Sebelum resmi menyandang lambang kebanggaan tersebut, seluruh peserta didik telah digembleng habis‑habisan selama kurang lebih dua bulan dalam Pendidikan Komando (Dikko). Materi pendidikan dirancang dalam lima tahap utama yang menguji batas kemampuan manusia, mencakup Dasar Komando, Kelautan, Hutan Gunung, Perang Gerilya, hingga Lawan Gerilya. Semuanya bertujuan menempa fisik sekuat baja, mental tangguh, karakter luhur, serta jiwa kepemimpinan yang matang.
Ujian terberat sekaligus penutup pendidikan adalah Tahap Lintas Medan (Limed). Mereka diwajibkan menempuh perjalanan kaki sejauh 300 hingga 350 kilometer, mulai dari Banyuwangi hingga tiba di lokasi upacara di Malang Selatan. Selama belasan hari, para siswa berjuang melawan alam dan kelelahan sambil membawa perlengkapan tempur lengkap, menaklukkan segala rintangan medan sebagai syarat akhir pengukuhan.
Dalam amanatnya, Pangkormar menyampaikan apresiasi dan ucapan selamat kepada lulusan Pendidikan Komando Angkatan 178 dan 179, Dikmaba XLV Gelombang I dan II, serta Dikmata XLV Gelombang II dan III Kejuruan Marinir TA 2025. Kini mereka resmi bergabung menjadi kekuatan baru Korps Marinir TNI AL.

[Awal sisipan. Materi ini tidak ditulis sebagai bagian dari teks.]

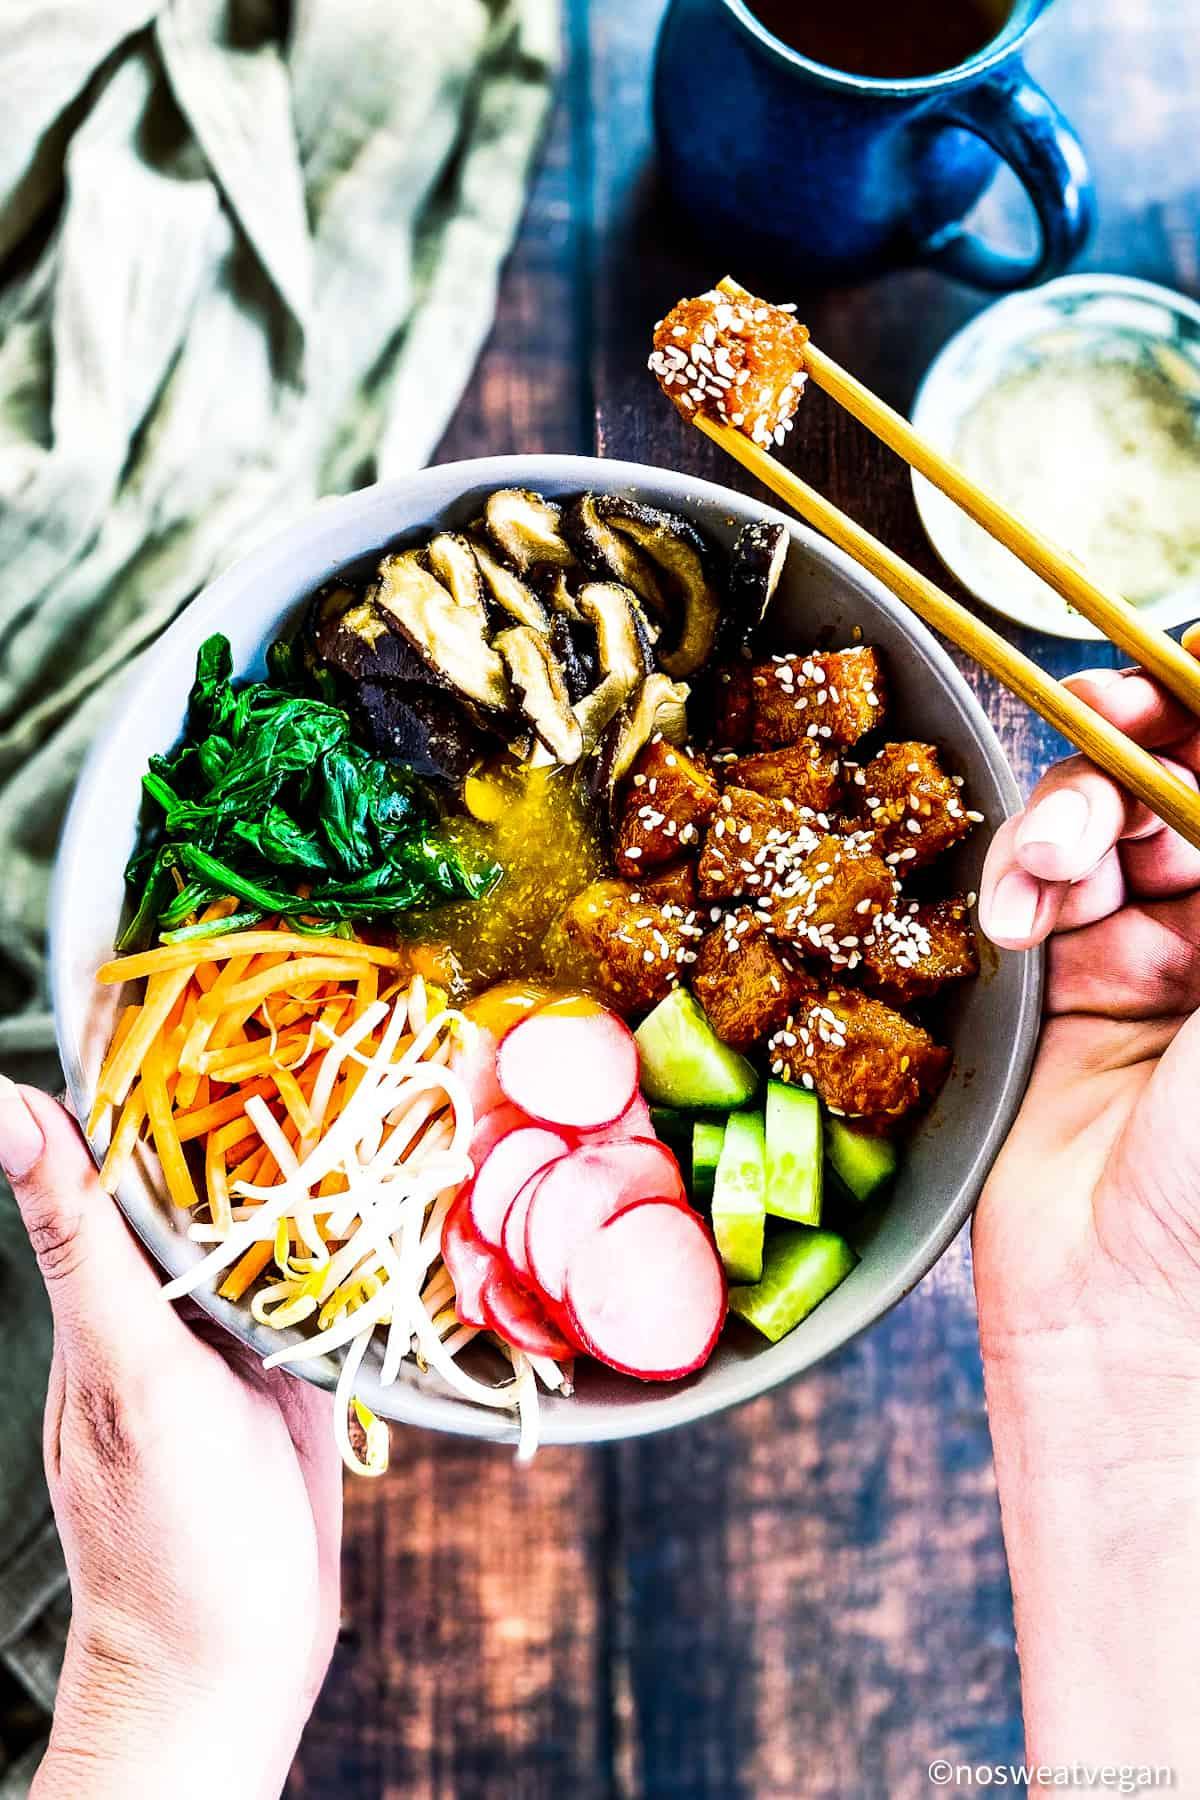 Bibimbap vegan ingredients in bowl with hand holding chopsticks and picking up a piece of Korean tofu.

“Kalian telah membuktikan ketangguhan dengan melewati serangkaian latihan komando khas Marinir yang berat dan menantang selama dua bulan ini. Seluruh proses ini kami rancang untuk memastikan kalian memiliki kesiapan fisik, mental, karakter, dan jiwa pemimpin yang mumpuni. Kalian kini adalah kesatria amfibi yang siap ditempatkan di garda terdepan pertahanan negara,” tegas Pangkormar.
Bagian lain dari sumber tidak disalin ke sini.